Der Werbung für Alkohol- und Tabakprodukte auf der Spur

Werbung ist allgegenwärtig: Auf Plakaten und Bildschirmen, in Busen und Zügen, im Internet, selbst ganze Hauswände werden dafür verwendet. Dieser Flut auszuweichen ist beinahe unmöglich. Werbung funktioniert. Um ein Produkt verkaufen zu können, muss man es bewerben. Ohne Werbung wird ein Produkt kaum wahrgenommen.

Deshalb bewerben auch die Alkohol- und die Tabakindustrie ihre potentiell gesundheitsgefährdenden und süchtig machenden Erzeugnisse. Dies ist schwer bedenklich! Zumal diese Werbung auch an Kinder und Jugendliche gelangt oder sogar speziell auf sie zugeschnitten wird. Je früher eine Person Suchtmittel konsumiert, desto grösser ist das Risiko einer Sucht im erwachsenen Alter. Dieser Fakt wird schamlos ausgenutzt. Beispiel Tabak: Mehr als ein Viertel (26.5%)1 der gesamten Schweizer Bevölkerung hat vor dem zwanzigsten Lebensjahr täglich geraucht. Betrachtet man nur die Personen, die täglich rauchen, sind es sogar fast zwei Drittel (65,2%)1 die vor dem zwanzigsten Lebensjahr damit begonnen haben.

Junge Menschen sind eine besonders attraktive Zielgruppe der Tabakindustrie. Macht man sie zu Raucherinnen und Rauchern, kann man ihnen über sehr lange Zeit Zigaretten und andere Tabakwaren verkaufen. Dies ist die traurige Realität.

Werbung für Alkohol und Tabak ist in der Schweiz ein Stück weit reglementiert. Nicht alles ist erlaubt. Jedoch sind die Gesetzesartikel teilweise sehr schwammig und in die Jahre gekommen.
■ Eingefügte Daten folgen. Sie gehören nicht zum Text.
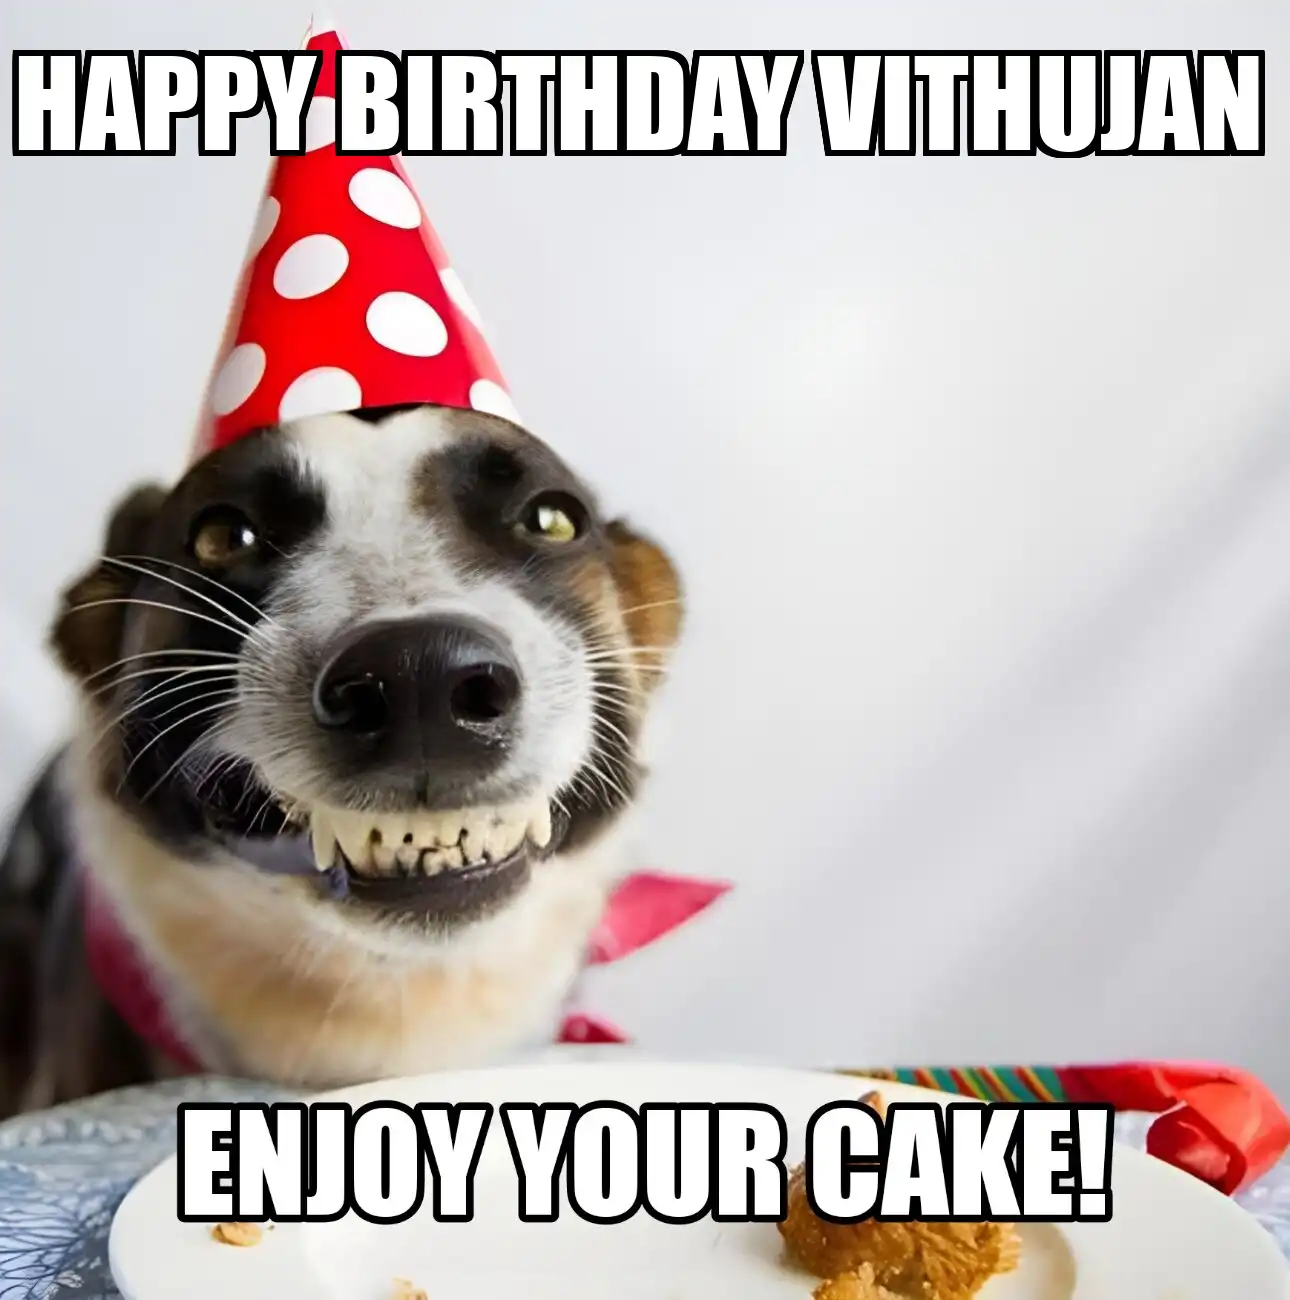 Happy Birthday Vithujan Enjoy Your Cake Dog Meme

Zudem gibt es namentlich beim Tabak kantonale Unterschiede. Eine Übersicht über geltende Regeln liefert unsere ausführliche Informationsbroschüre (s. 13) zum Jugendschutz.

Jede Woche liefert die Coop-Zeitung ausgedehnte Alkoholwerbung in rund 2,5 Millionen3 Schweizer Haushalte. In der aktuellen Ausgabe der Coop-Zeitung4 sind 8x Wein, 1x Prosecco, 1x Bier und 4x Spirituosen abgebildet. Ausserdem sind ein 24-seitiges Weinmagazin und der aktuelle Aktions-Prospekt mit weiteren 16 Alkoholanzeigen beigelegt. Mit Werbung für alkoholische Getränke lässt sich offensichtlich ein lukratives Geschäft ankurbeln. Auch Denner, Lidl, Spar, Aldi und Co. stehen diesbezüglich kaum zurück.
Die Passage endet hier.